Niall Cody: I will have to get back to the Deputy about that. When he talks about a test case, I am not 100% certain. If he has a reference, it would help.
Matt Carthy: We will get that. It was publicised in the House.
Mr. Cody mentioned inspections or investigations within the construction sector. Will he confirm whether Revenue has carried out any similar investigations in respect of this issue within the meat-processing sector?
Niall Cody: What we do in the meat processing sector is keep an eye on the employment status. Most of the meat companies have employees or recruit through agencies. If they recruit through agencies, the agency has a role as the employer in that context. We are keeping a very close eye on it and pay close attention to what is said in this House about various practices. We are also very open to any information from trade unions and we are in regular engagement with various agencies around practices. The challenge is that it is a matter of contract law and sometimes the relationship is unequal. Unless we can get information that allows us to look beyond something, we are sometimes constrained.
The biggest driver, from a fiscal point of view, is the employer’s PRSI. That is the big saving, but other workers’ rights arrangements are not the subject of our control. Two years ago, I think, there was a consultation by the then Department of Employment Affairs and Social Protection and the Department of Finance, which we supported, and I think we gave the committee a link to the report and the documentation we provided. That highlighted the challenge, as has been experienced in other jurisdictions, where the legislation has looked at, effectively, a different type of worker and having a different set of rules—–
Matt Carthy: A particular type of company engages in this. Can I extrapolate from what Mr. Cody stated that he accepts there remains an issue with bogus self-employment?
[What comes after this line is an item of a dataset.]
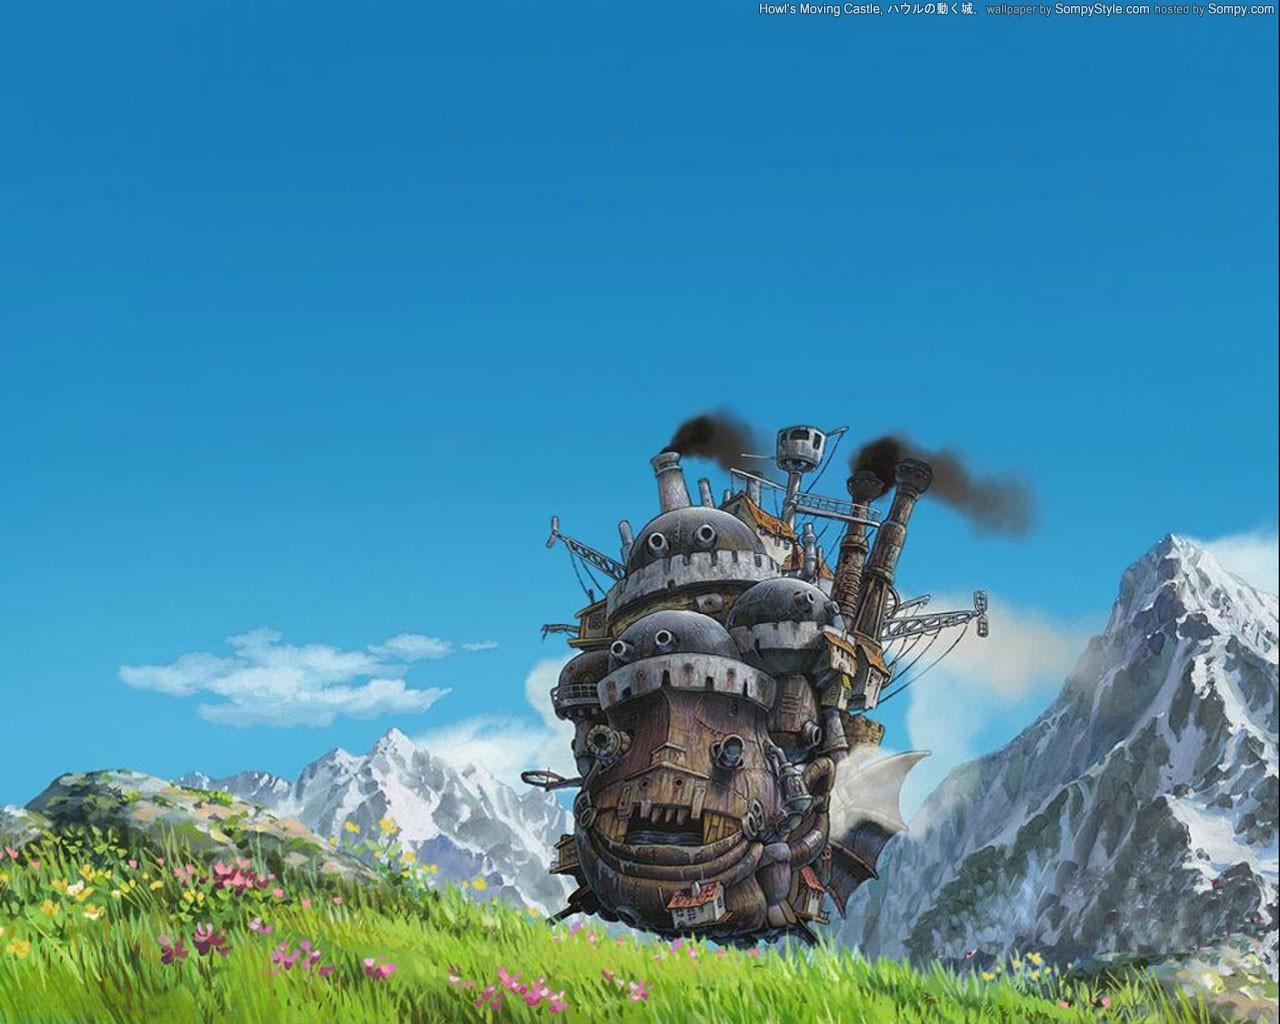 デスクトップ壁紙 アニメ スタジオジブリ ハウルの動く城 地形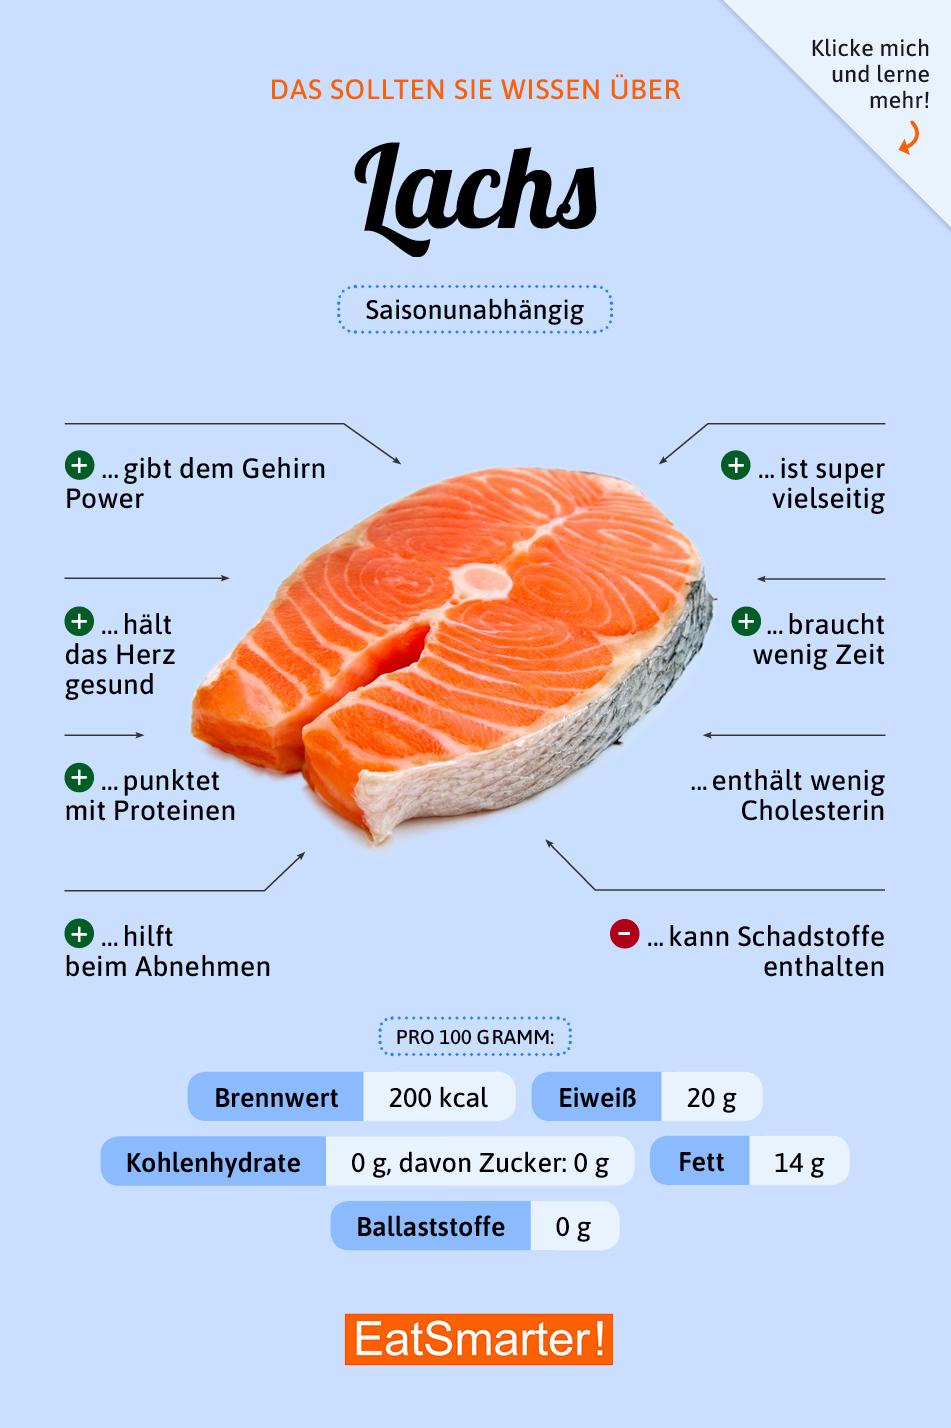 a6bf0e058de64 Interaktive Infografik zu Lachs

Niall Cody: The relevant contracts tax was introduced in the construction sector in 1971 as a requirement in respect of subcontracting and its variants. This is a factor in all jurisdictions and will always be one we have to take care of. A commission on tax and social welfare is being set up and the area needs a lot of consideration.
Concluding, Deputy Carthy said:
Mr. Cody said that he would come back to us about bogus self-employment in writing. Could I prompt him to examine correspondence that was sent to this committee by Revenue on 9 August 2000? The reference I am told is PS 3422M/00. That correspondence enclosed letters dated 7 March 1997 and 3 April 1997 to K. Ryan & Co, which represented courier firms, an issue we discussed earlier. The Revenue letter to the Committee of Public Accounts stated that the letters outline the agreement reached for tax purposes. It might give Mr. Cody an indication of the issue raised by the Chairman and myself.
I reiterate that bogus self-employment is a crucially important issue because of the income that is lost but also because it breaches the social contract in which we are all engaged with significant repercussions. There has been significant political debate regarding pension age. If we do not take in enough PRSI receipts, it gives succour to those who want to force people to work longer.
I ask for a tough approach on the part of Revenue. If ten people working in the same place all have their accounts to Revenue presented by the same company and all have similar working hours and arrangements, Revenue can be fairly sure there is bogus self-employment. Likewise if somebody is working in a meat factory and earning the minimum wage, Revenue can be fairly sure he or she is not genuinely self-employed. If somebody coming from eastern Europe finds himself or herself working in a meat factory under a new company and he or she decides out of the goodness of his or her heart to give that company half of his or her wages, there is a problem.